Seventy individuals with MS took part in the trial, of whom 83% were female and 88% were White, 9% African American, and 3% Hispanic or Latino. The mean age was 46.7 years, and the mean number of years in education was 11.8.

The vast majority (96%) of the participants had relapsing remitting MS, at a mean disease duration of 10.9 years, and 82% had a score of 0 or 1 on the PDDS.

Dr. Lynch showed that participants in the intervention group lost, over the course of the study, 8.6% of their total body weight, compared with a loss of 0.7% among controls (P < .001).

Moreover, 65% of the intervention group lost at least 5% of their body weight, whereas 41% lost at least 10% of their body weight, which again was significantly higher than that seen in the control group (P < .001).

There was also a significant increase in moderate to vigorous physical activity in the intervention group as measured by accelerometry (P < .05), although Dr. Lynch pointed out this “did not necessarily correlate with their weight loss.”

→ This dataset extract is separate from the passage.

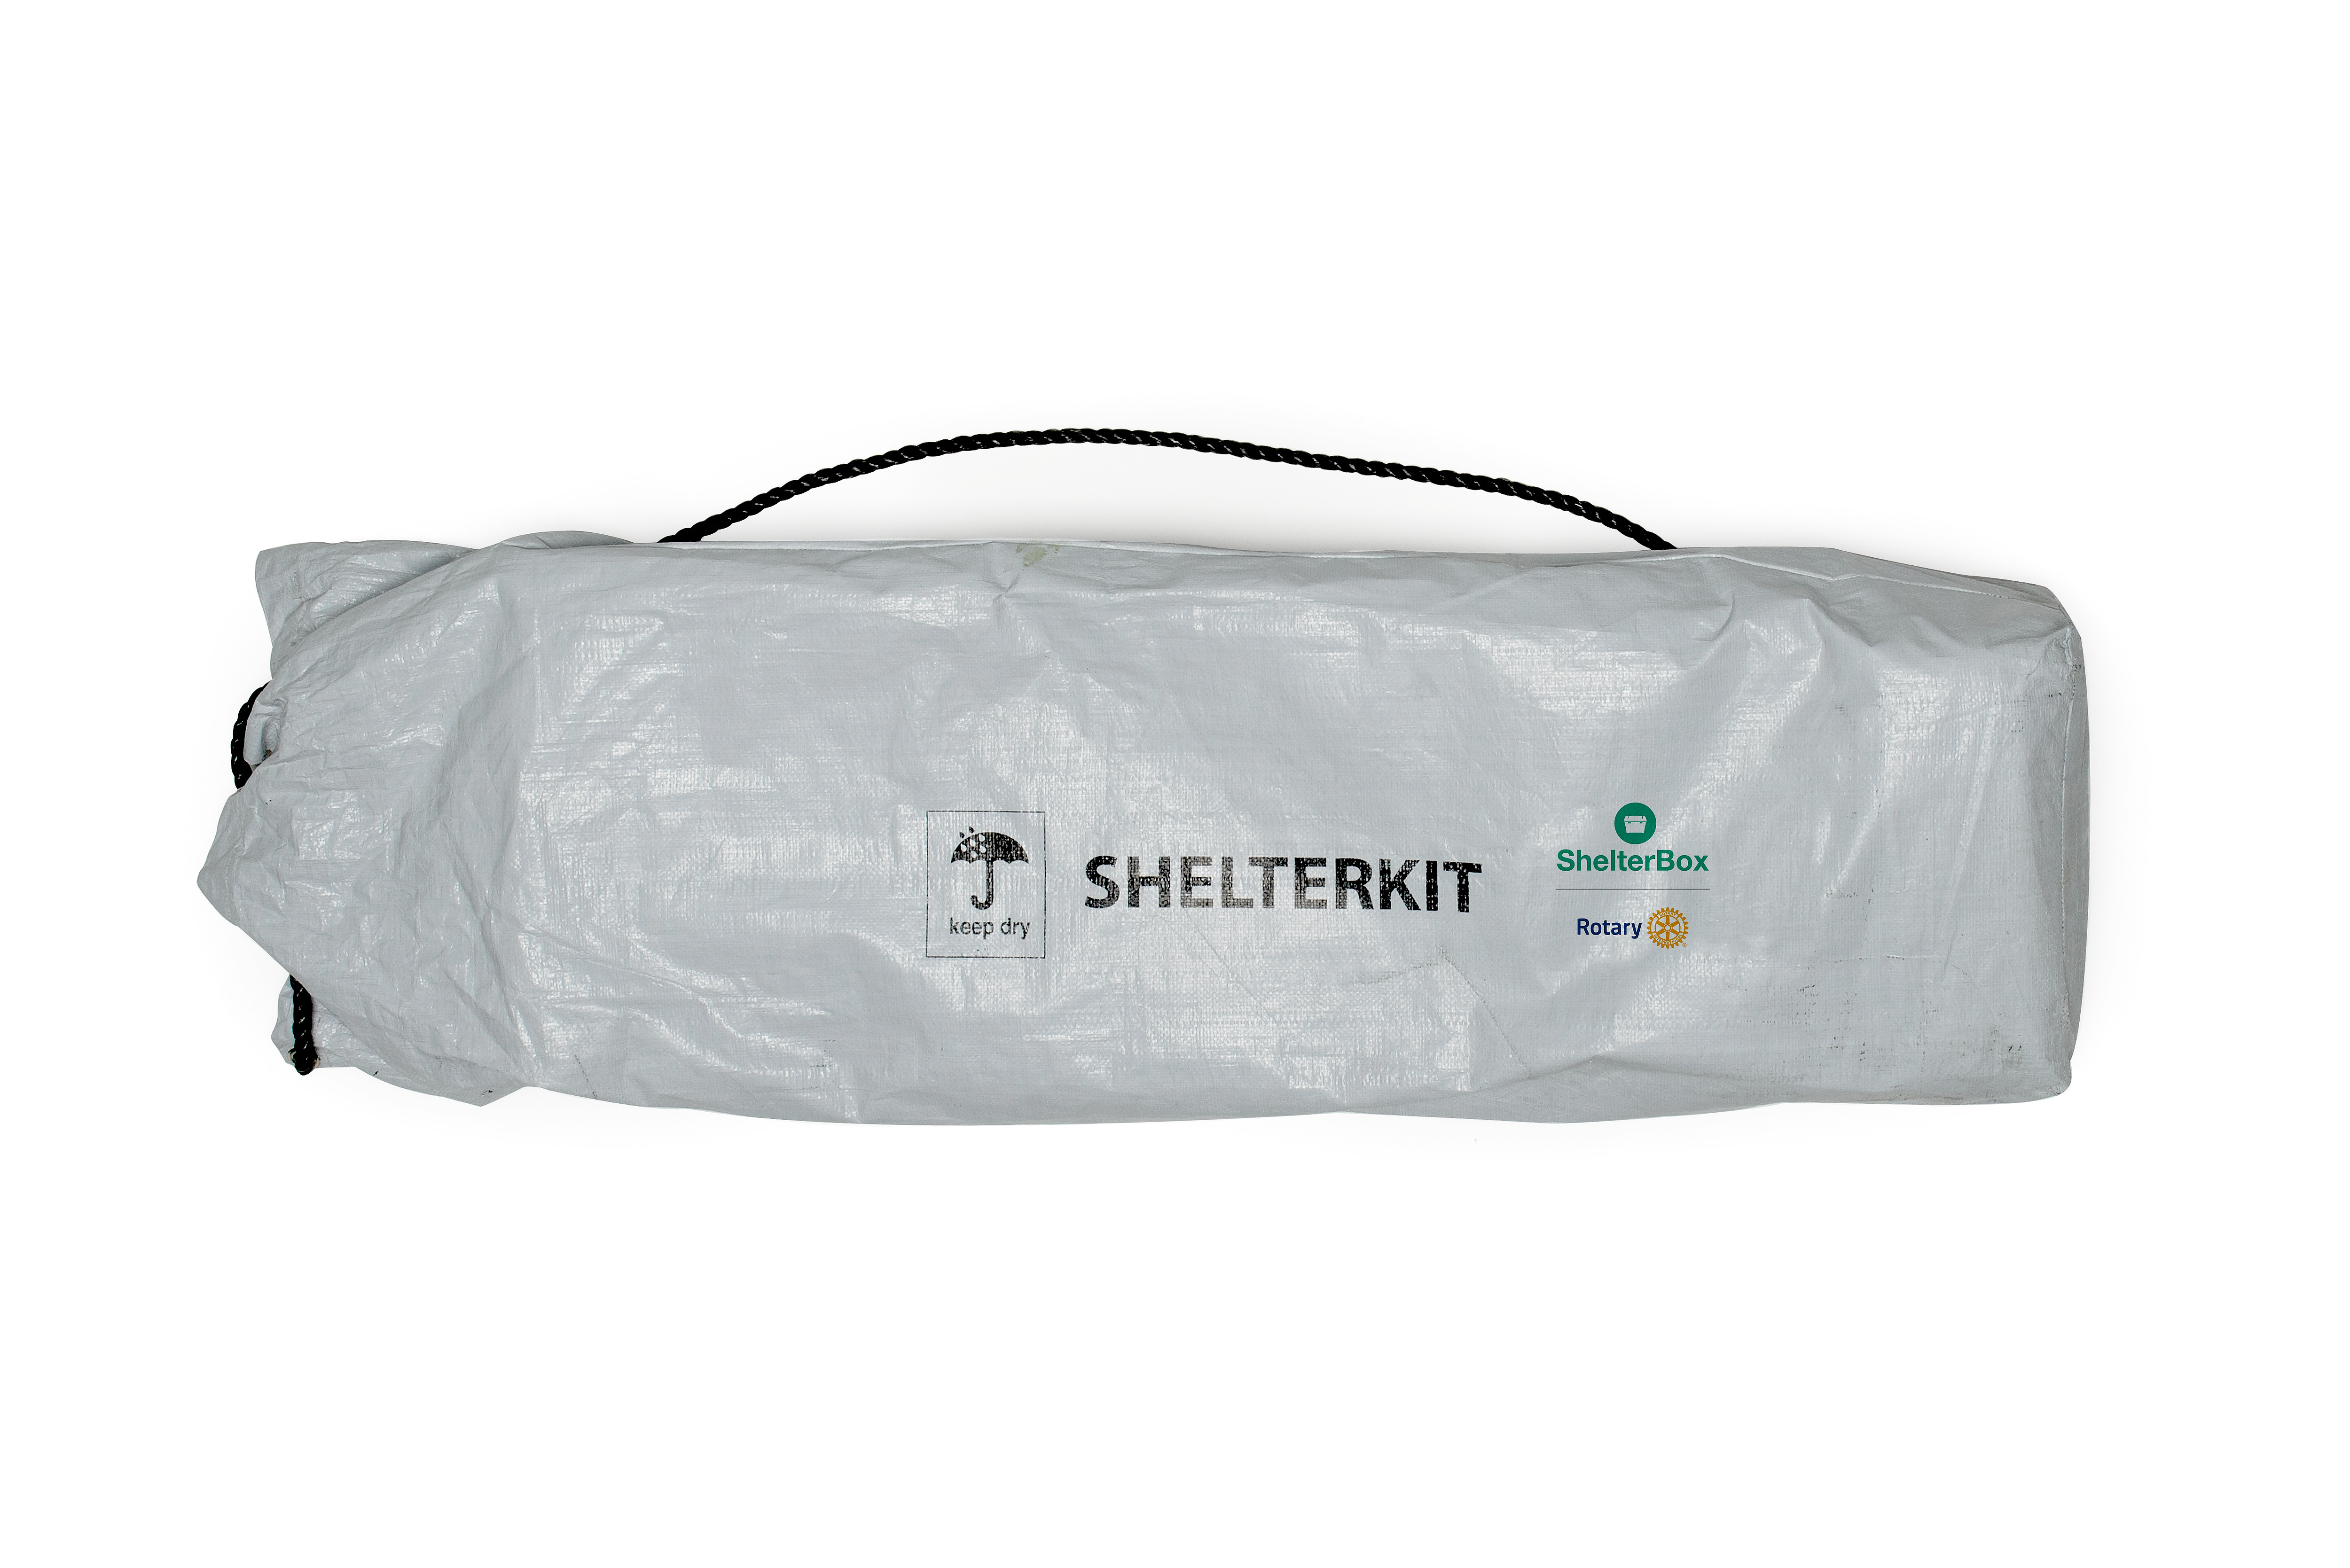 A ShelterKit containing disaster relief items, including tarpaulins, rope and tools, to help families rebuild after disaster

Dr. Lynch showed there were significant differences across a range of anthropometric measures from baseline to follow-up between the intervention and control groups.

The adjusted difference in weight loss between the intervention and control participants was 7.8 kg, whereas the difference in reduction of BMI was 2.7 (P = .001 for both).

There was also a significant difference in the reduction in waist-to-hip ratio between the groups, at 0.033 in favor of the intervention, as well as a difference in the reduction in fat tissue, at 3.1% (P = .001 for both).

Further analyses showed weight loss was associated with significant improvements on the 6-minute walk test, at an r value of 0.48 (P = .015), and in the 25-foot walk test (r = 0.42; P = .015). Weight loss was also linked to reductions in perceived fatigability (r = 0.48; P = .005).

Dr. Lynch also reported that a 5% reduction in body weight was associated with a “clinically meaningful” improvement of 50 meters on the 6-minute walk test.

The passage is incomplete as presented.